The Merced City Council's recent decision to evict illegal campers across town may leave local homeless people with nowhere to go.
The city has justified its decision by arguing that as long as there are enough beds in Merced, it's inhumane for residents to sleep in tents.
But others disagree. Some campers at the city’s largest site, Black Rascal, said the situation isn’t so simple.
Already against instability, many of the homeless in the camp say they’d prefer to maintain a semblance of home – even it it’s a tent – rather than the rule-bound and paradoxically unstable shelter life.
Homelessness, in many cases, is a temporary experience, so the number of people who might find themselves in a shelter, on the streets or living with friends is hard to quantify. The National Law Center on Homelessness and Poverty estimates that more than 3 million people – 1.35 million of them children – experience homelessness in a given year.

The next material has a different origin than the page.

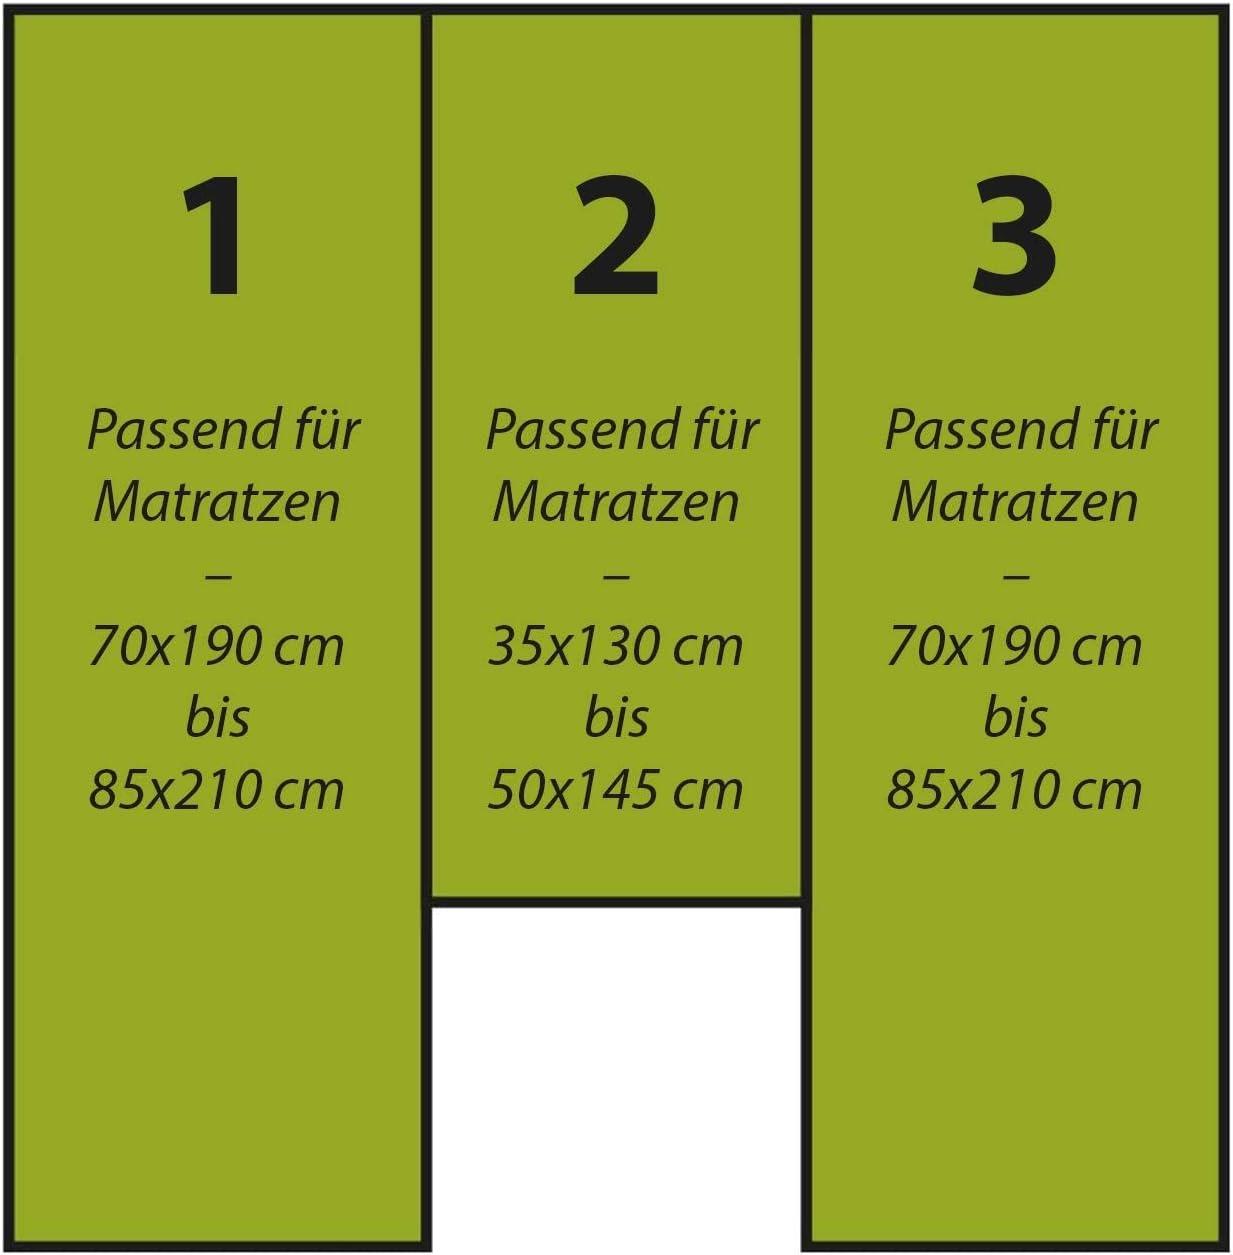 G Bettwarenshop Wohnmobil Wohnwagen Heckbett Spannbetttuch Set 3 Teilig Hellblau 2 Längsbetten Mittelteil Küche Haushalt
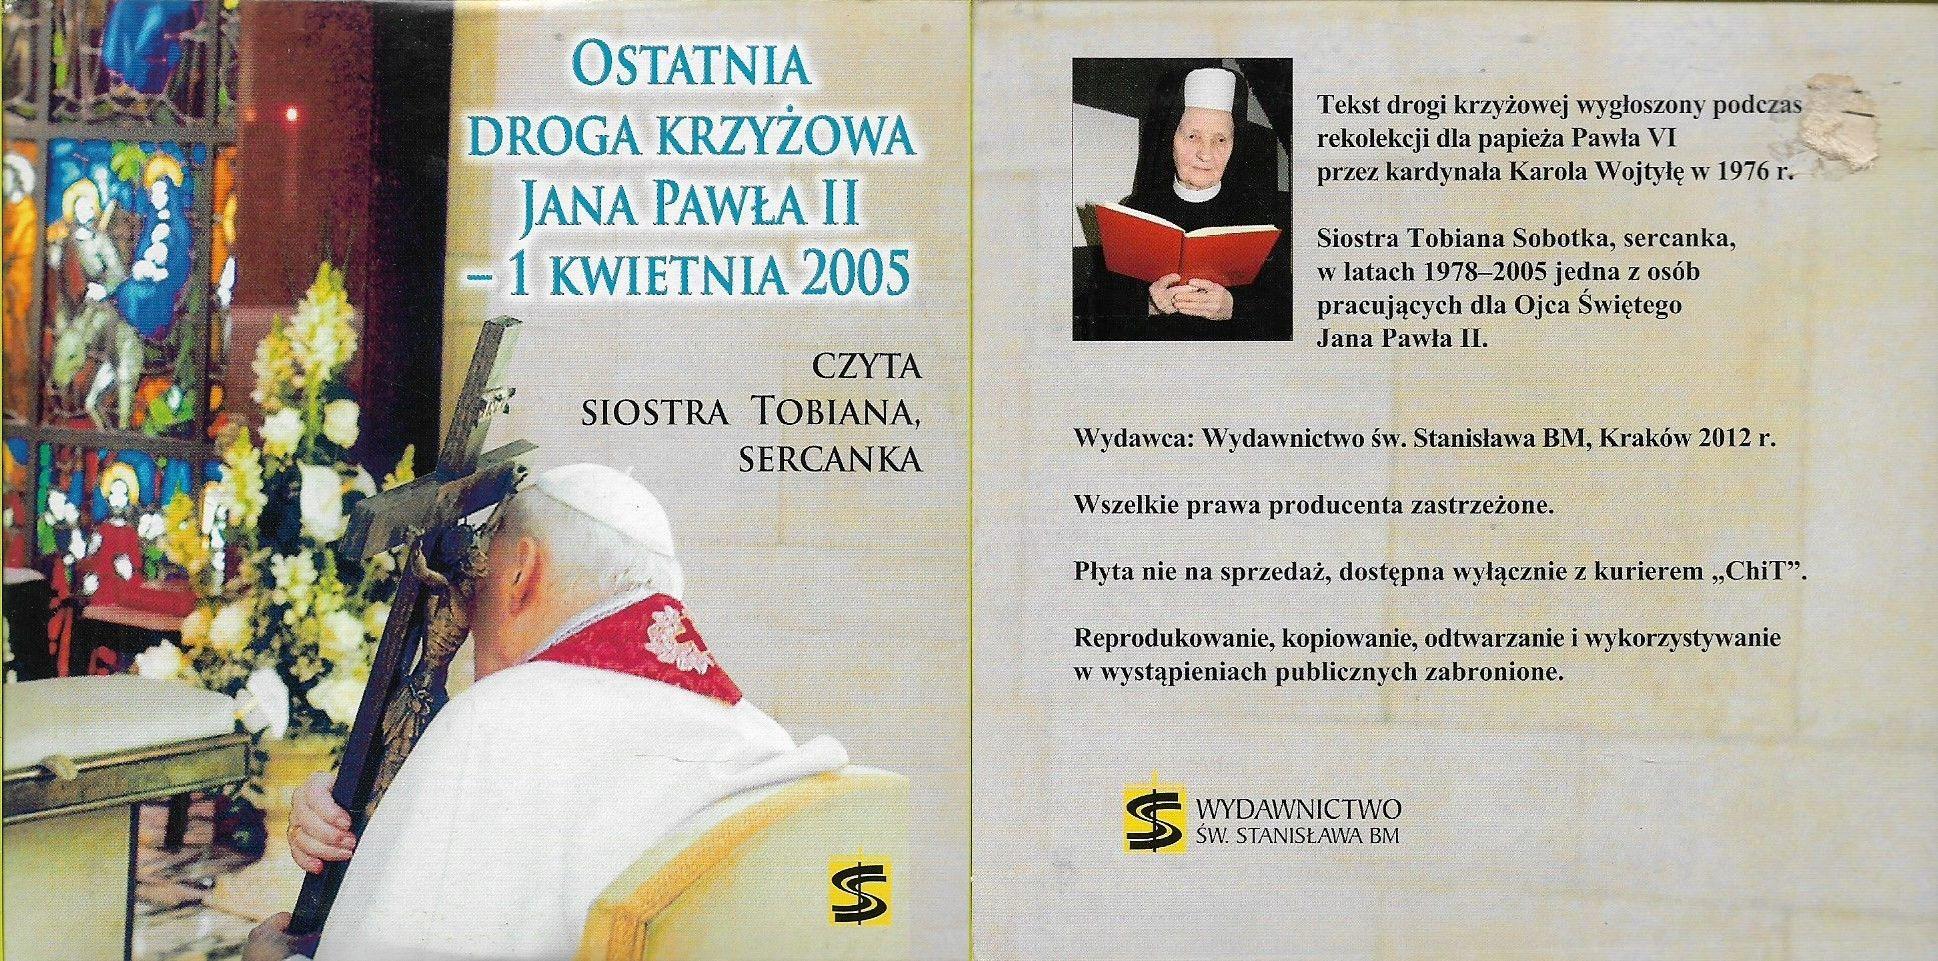 Ostatnia Droga Krzyżowa Jana Pawła II 1.04.2005 CD

In 2008, Merced County’s Continuum of Care group counted 120 homeless in Merced’s streets and camps. The number was higher, at 224, last year.
This week, “Off the 99” went out to the camp site to see what the campers there thought about the council’s decision.
We also caught Neil Donovan, executive director of National Coalition for the Homeless, over the phone at his Washington, D.C., office. Donovan shared his thoughts on national homeless issues – and had a few words for Merced’s leaders.
“Tent Cities are Americans’ de facto waiting room for affordable and accessible housing,” Donovan is quoted as saying in a new study, “Tent Cities in America: A Pacific Coast Report.” “The idea of someone living in a tent in this country says little about the decisions made by those who dwell within and so much more about our nation’s inability to adequately respond to those in need.”